Pakistan must counter India's growing power
The launch of India's first missile-capable nuclear submarine has serious regional implications. It poses response choices for Pakistan to avert strategic imbalance.
India must also reflect on the overarching architecture of relationship it wants to evolve with Pakistan. How far is India's military build up due to its threat perceptions, or motivated by the objective of threat projection and hegemony?
Pakistan, after its breakup in 1971 through Indian military action, continues to perceive that while socio-economic progress and combating extremism constitute core objectives, its main existential threat continues to emanate from India, in which some core policy makers and influential segments may still regard Pakistan's creation as a historical mistake.
Faced with an asymmetrical imbalance in the conventional field from a much larger India, Pakistan's hard-won nuclear capability has kept the peace by providing, through a credible minimum nuclear deterrent, strategic stability in South Asia.
The peace process that began in 2004 between the two countries attempted to manage the different facets of this difficult relationship with the objective of resolving disputes in a peaceful manner.
Talks were initiated on nuclear and Confidence Building Measures (CBMs). Both sides formally declared that the nuclear capabilities of each other, which are based on their national security imperatives, constitute a factor for stability.

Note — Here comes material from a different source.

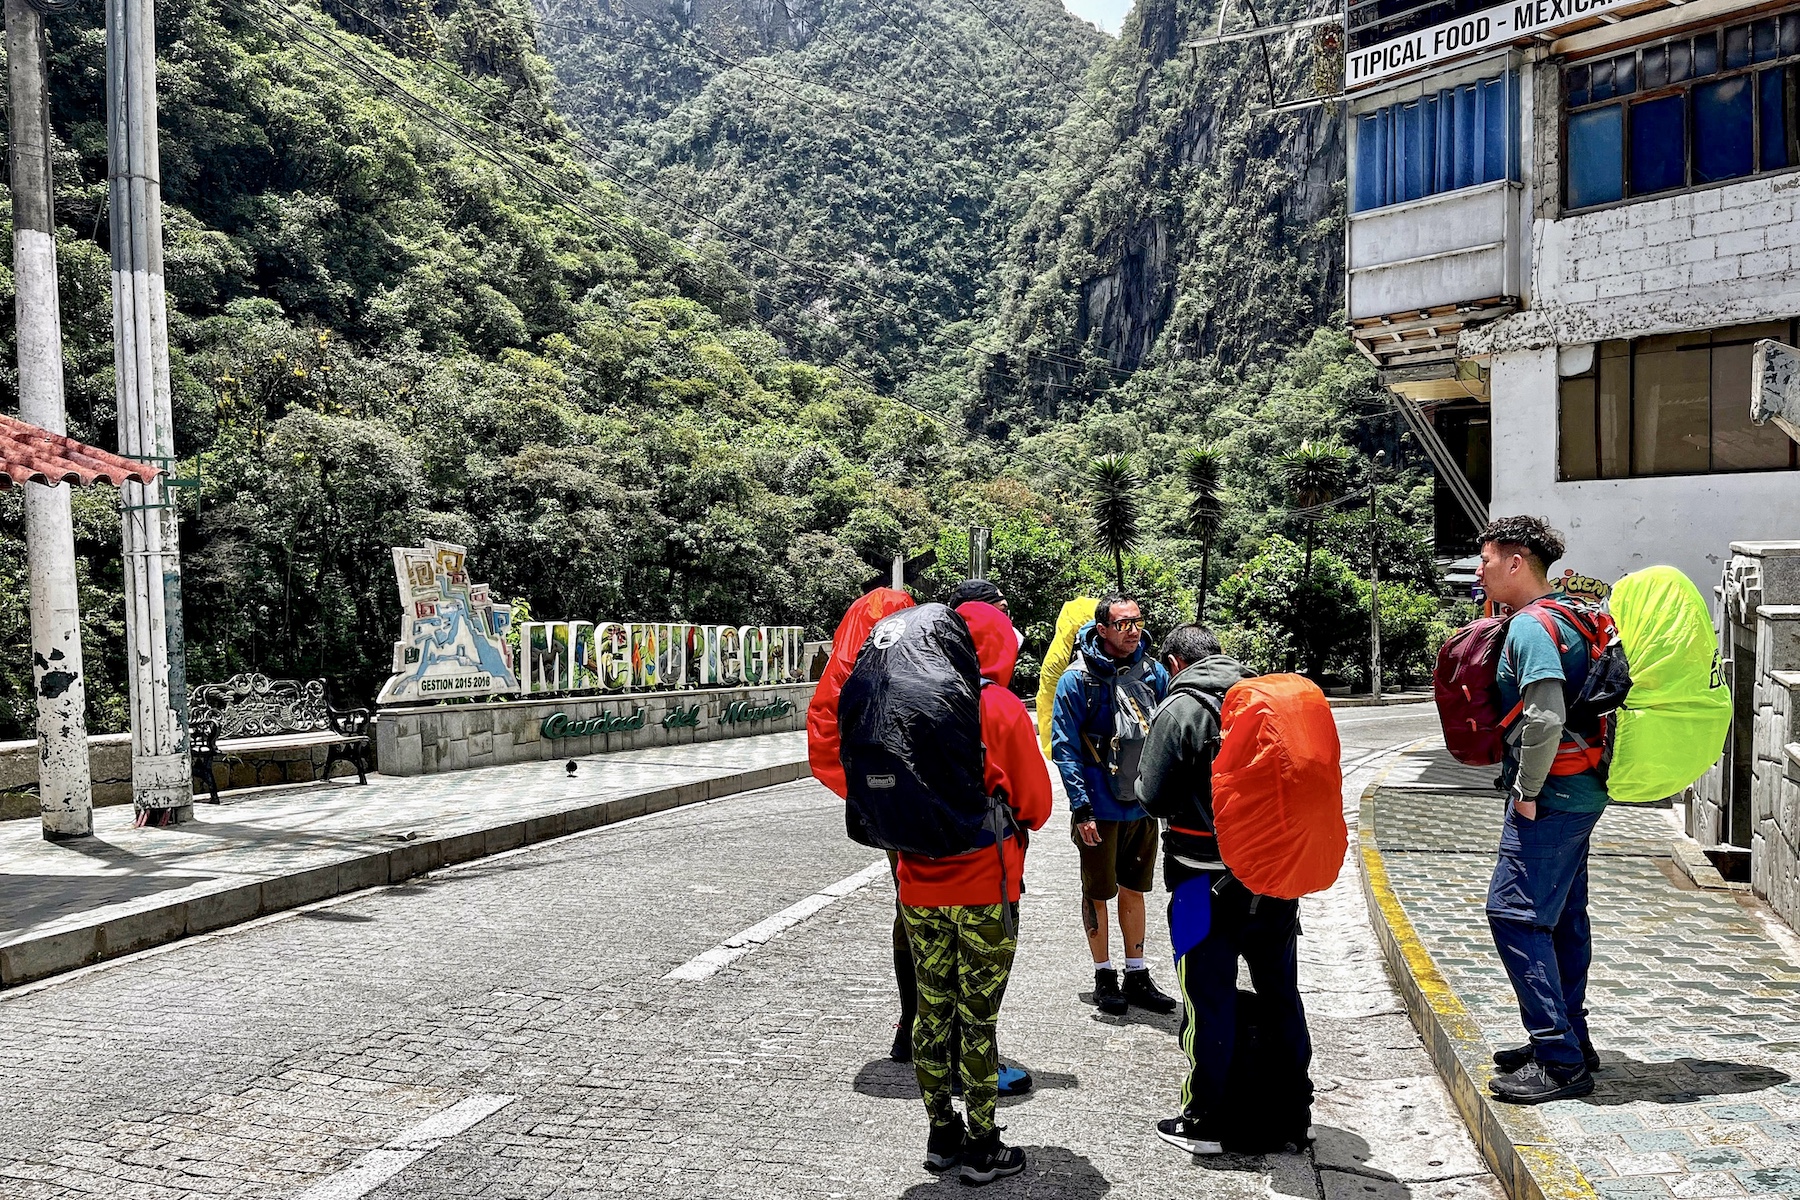 tourists at the entrance of Machu Picchu and it's now closed indefinitely

Two main agreements on pre-notification of ballistic missile tests and reduction of risks of accidents related to nuclear weapons were signed. Even before India broke off the peace process after the Mumbai incident, the peace process had slowed down.
There was no concrete movement on the core issue of Kashmir, and no promise of movement on Siachin, Sir Creek and the Indus waters which provide Pakistan's life blood.
While the nuclear CBMs agreements continue to hold, there was no forward movement and India wanted to delink itself from Pakistan even in this nuclear field in which New Delhi had reversed the maxim of thinking globally but acting locally.
India was encouraged by a number of developments. The Indo-US nuclear deal, rather than encouraging nuclear restraint in South Asia, enhanced India's strategic capability, freeing its limited uranium reserves for military use, by keeping eight reactors out of safeguards able, to produce fissile material for 280 nuclear weapons annually.
American, Israeli and Russian co-operation in India's Anti Ballistic Missile (ABM) programme further destabilised the strategic balance.
India rejected Pakistan's proposal for a strategic restraint regime with its three interlocking elements of conflict resolution, nuclear and missile restraint and conventional balance, to avoid an unnecessary arms race.
Russia over two decades supported India's nuclear submarine project through technology, technical advice and leasing of nuclear submarines. India's cruise missile Brahmos was jointly developed with Russia.
India will build five nuclear submarines, each carrying 12 nuclear ballistic missiles. The two Akula class submarines to be leased from Russia would carry another 48 missiles.
This submarine leg of India's nuclear triad would deploy some 100 plus nuclear weapons. The other air launched gravity nuclear weapons, land launched ballistic missiles, tactical nuclear weapons and land, air and sea launched cruise missiles would constitute a formidable nuclear delivery capability.
India claims that this build-up is necessary because it faces threats from China and Pakistan. However given the growing relationship between India and China, no objective strategist has been able to postulate any credible conflict scenario between the two countries.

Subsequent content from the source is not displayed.